Retype word for word the first line of the listing and each line after it up to the line with "Wahoo's Kickr Move", with the pictures taken out.

═════ Data section ═════

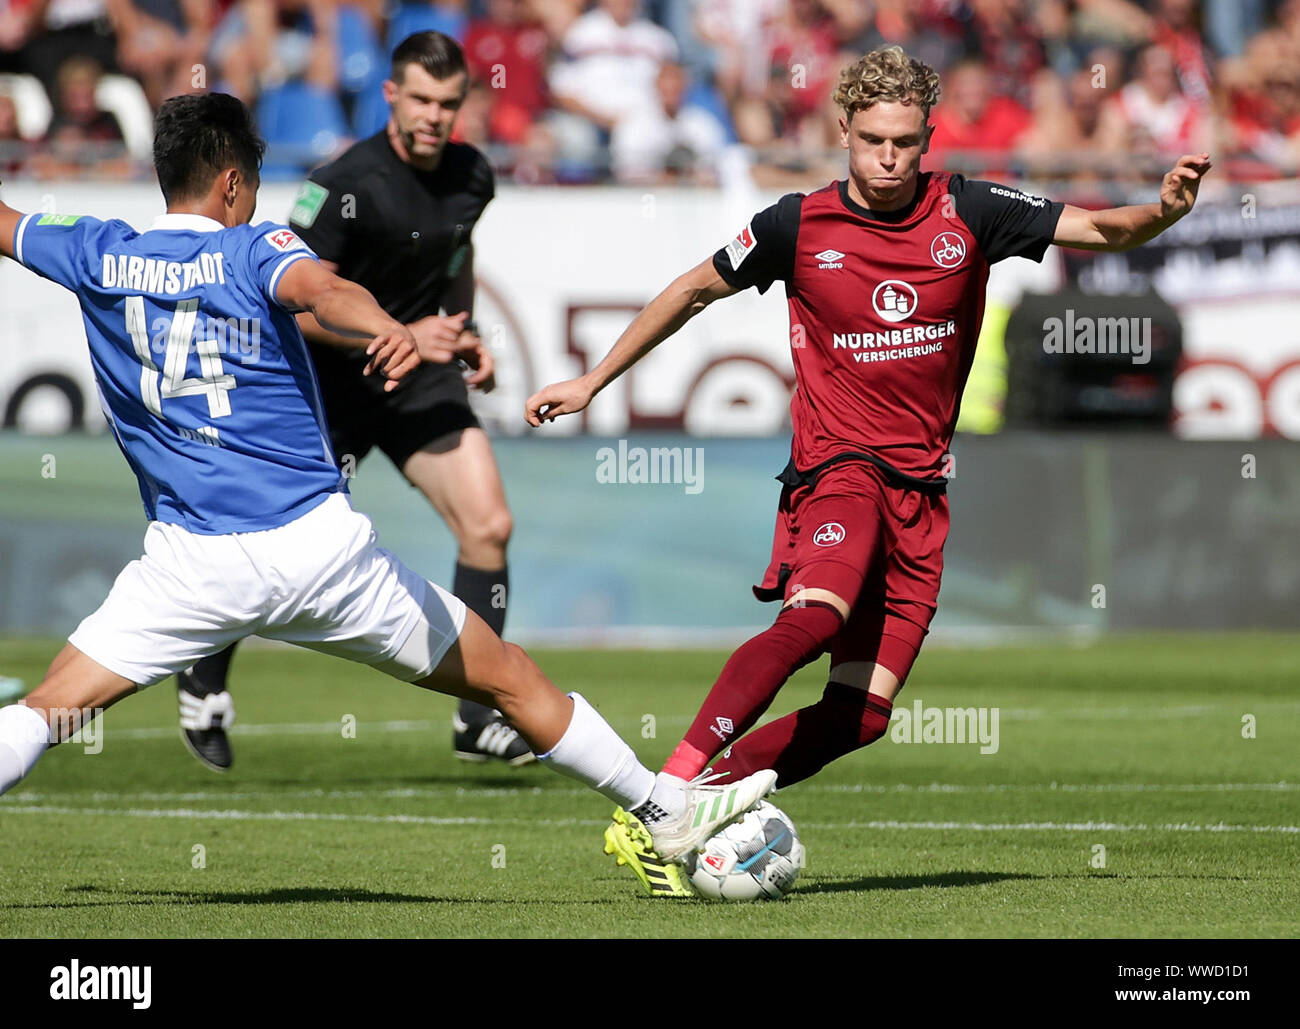 Darmstadt, Germany. 15th Sep, 2019. Soccer: 2nd Bundesliga, Darmstadt 98 - 1st FC Nuremberg, 6th matchday. The Darmstadt Seung-ho Paik (L) in a duel with Robin Hack (R) from Nuremberg. Credit: Hasan Bratic/dpa - IMPORTANT NOTE: In accordance with the requirements of the DFL Deutsche Fußball Liga or the DFB Deutscher Fußball-Bund, it is prohibited to use or have used photographs taken in the stadium and/or the match in the form of sequence images and/or video-like photo sequences./dpa/Alamy Live News Stock Photo
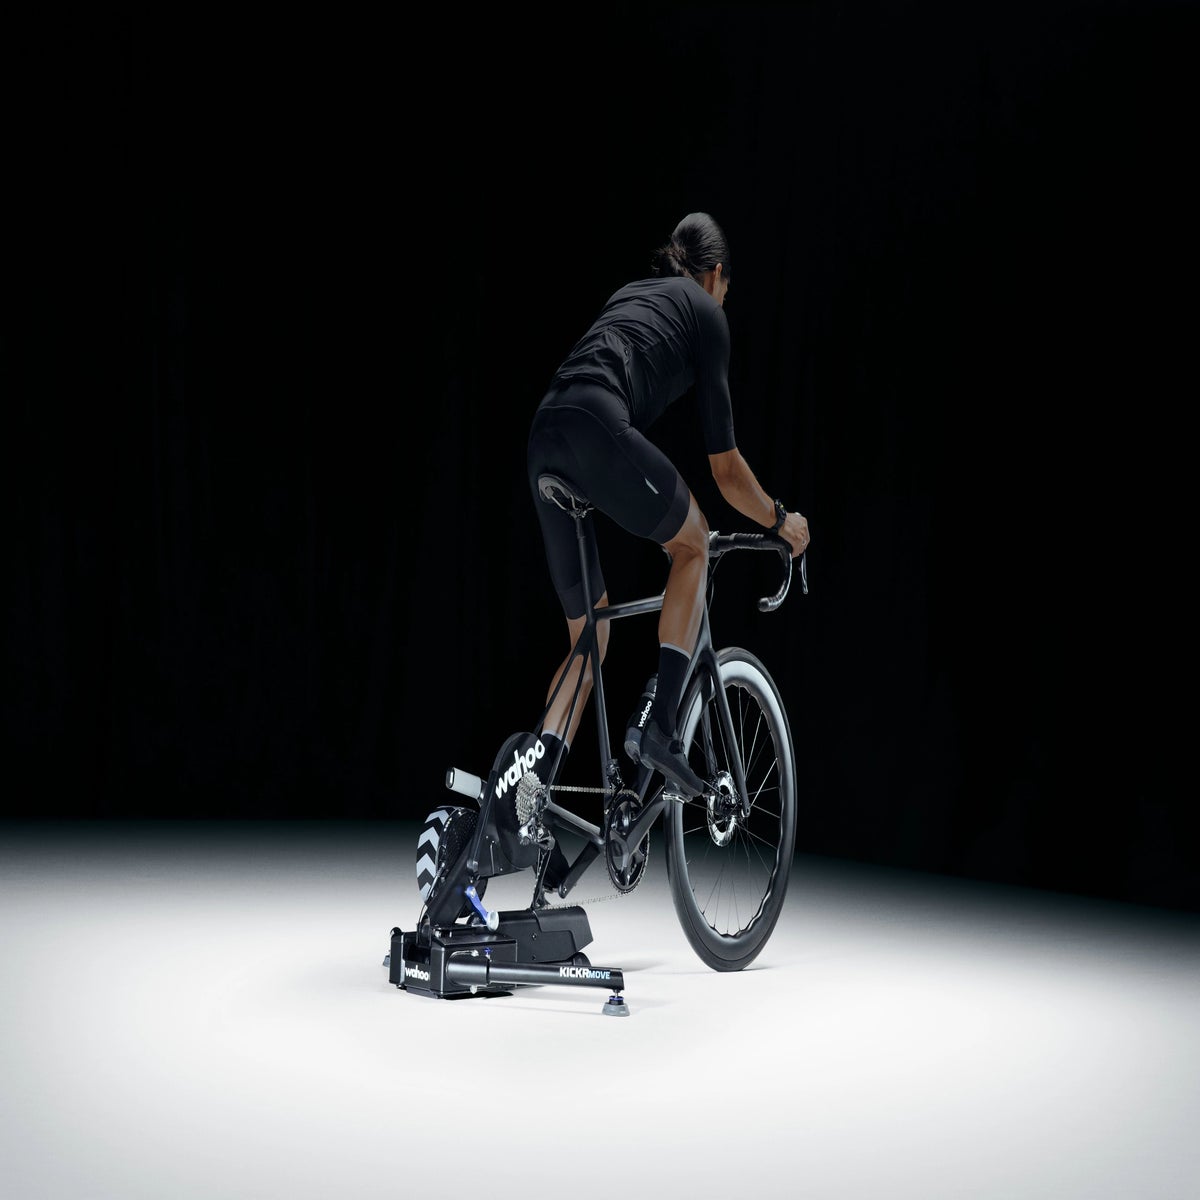 Wahoo's Kickr Move Adds Motion to Your Indoor Training
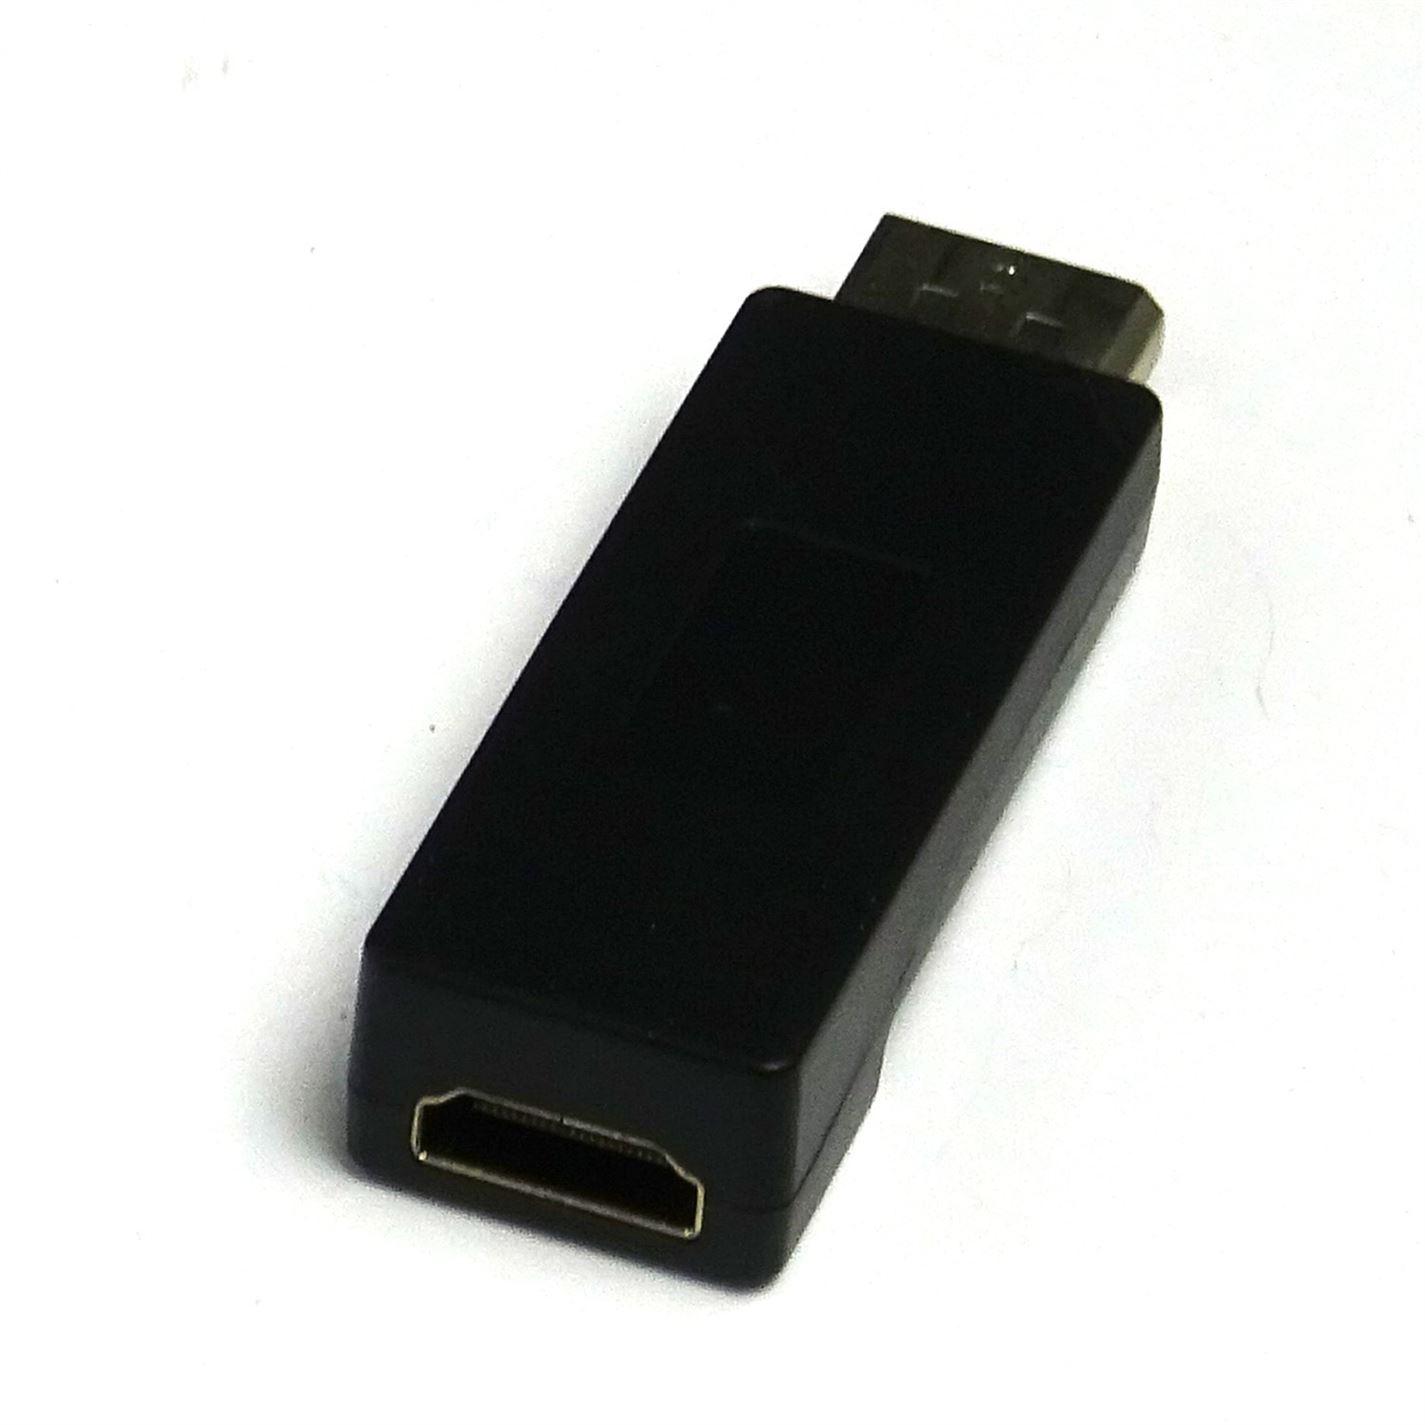 Display Port To HDMI Converter Adapter Display Port Male To HDMI Female Adaptor - UK Seller

═════

▶ **Written answer**:
 Darmstadt, Germany. 15th Sep, 2019. Soccer: 2nd Bundesliga, Darmstadt 98 - 1st FC Nuremberg, 6th matchday. The Darmstadt Seung-ho Paik (L) in a duel with Robin Hack (R) from Nuremberg. Credit: Hasan Bratic/dpa - IMPORTANT NOTE: In accordance with the requirements of the DFL Deutsche Fußball Liga or the DFB Deutscher Fußball-Bund, it is prohibited to use or have used photographs taken in the stadium and/or the match in the form of sequence images and/or video-like photo sequences./dpa/Alamy Live News Stock Photo
 Wahoo's Kickr Move Adds Motion to Your Indoor Training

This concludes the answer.